## THE PROBLEM
Nothing may be left out or changed. Print every entry.

Data records:
◆ ◆ ◆ ◆ ◆ ◆ ◆
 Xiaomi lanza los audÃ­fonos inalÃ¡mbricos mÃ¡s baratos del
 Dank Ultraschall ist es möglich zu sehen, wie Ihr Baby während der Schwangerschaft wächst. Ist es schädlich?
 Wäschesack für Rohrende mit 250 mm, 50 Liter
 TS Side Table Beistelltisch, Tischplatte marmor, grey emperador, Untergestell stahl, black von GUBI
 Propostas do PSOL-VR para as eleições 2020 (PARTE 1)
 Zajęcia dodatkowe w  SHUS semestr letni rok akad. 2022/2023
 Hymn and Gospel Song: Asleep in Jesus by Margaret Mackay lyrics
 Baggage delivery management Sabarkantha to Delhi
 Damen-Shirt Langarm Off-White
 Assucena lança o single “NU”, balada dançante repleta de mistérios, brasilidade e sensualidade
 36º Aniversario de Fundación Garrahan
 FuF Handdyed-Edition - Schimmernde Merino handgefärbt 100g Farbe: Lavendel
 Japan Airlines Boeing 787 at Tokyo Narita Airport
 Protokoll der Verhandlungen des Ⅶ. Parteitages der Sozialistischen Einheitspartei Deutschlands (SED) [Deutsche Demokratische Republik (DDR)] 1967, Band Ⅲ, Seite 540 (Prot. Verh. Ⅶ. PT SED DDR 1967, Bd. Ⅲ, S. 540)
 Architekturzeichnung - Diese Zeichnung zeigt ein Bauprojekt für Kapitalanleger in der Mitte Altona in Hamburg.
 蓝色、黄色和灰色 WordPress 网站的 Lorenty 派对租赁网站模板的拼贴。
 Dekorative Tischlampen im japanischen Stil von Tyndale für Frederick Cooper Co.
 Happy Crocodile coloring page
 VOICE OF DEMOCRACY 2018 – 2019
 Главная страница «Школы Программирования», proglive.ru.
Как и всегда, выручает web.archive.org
◆ ◆ ◆ ◆ ◆ ◆ ◆
## YOUR RESPONSE
 Xiaomi lanza los audÃ­fonos inalÃ¡mbricos mÃ¡s baratos del
 Dank Ultraschall ist es möglich zu sehen, wie Ihr Baby während der Schwangerschaft wächst. Ist es schädlich?
 Wäschesack für Rohrende mit 250 mm, 50 Liter
 TS Side Table Beistelltisch, Tischplatte marmor, grey emperador, Untergestell stahl, black von GUBI
 Propostas do PSOL-VR para as eleições 2020 (PARTE 1)
 Zajęcia dodatkowe w  SHUS semestr letni rok akad. 2022/2023
 Hymn and Gospel Song: Asleep in Jesus by Margaret Mackay lyrics
 Baggage delivery management Sabarkantha to Delhi
 Damen-Shirt Langarm Off-White
 Assucena lança o single “NU”, balada dançante repleta de mistérios, brasilidade e sensualidade
 36º Aniversario de Fundación Garrahan
 FuF Handdyed-Edition - Schimmernde Merino handgefärbt 100g Farbe: Lavendel
 Japan Airlines Boeing 787 at Tokyo Narita Airport
 Protokoll der Verhandlungen des Ⅶ. Parteitages der Sozialistischen Einheitspartei Deutschlands (SED) [Deutsche Demokratische Republik (DDR)] 1967, Band Ⅲ, Seite 540 (Prot. Verh. Ⅶ. PT SED DDR 1967, Bd. Ⅲ, S. 540)
 Architekturzeichnung - Diese Zeichnung zeigt ein Bauprojekt für Kapitalanleger in der Mitte Altona in Hamburg.
 蓝色、黄色和灰色 WordPress 网站的 Lorenty 派对租赁网站模板的拼贴。
 Dekorative Tischlampen im japanischen Stil von Tyndale für Frederick Cooper Co.
 Happy Crocodile coloring page
 VOICE OF DEMOCRACY 2018 – 2019
 Главная страница «Школы Программирования», proglive.ru.
Как и всегда, выручает web.archive.org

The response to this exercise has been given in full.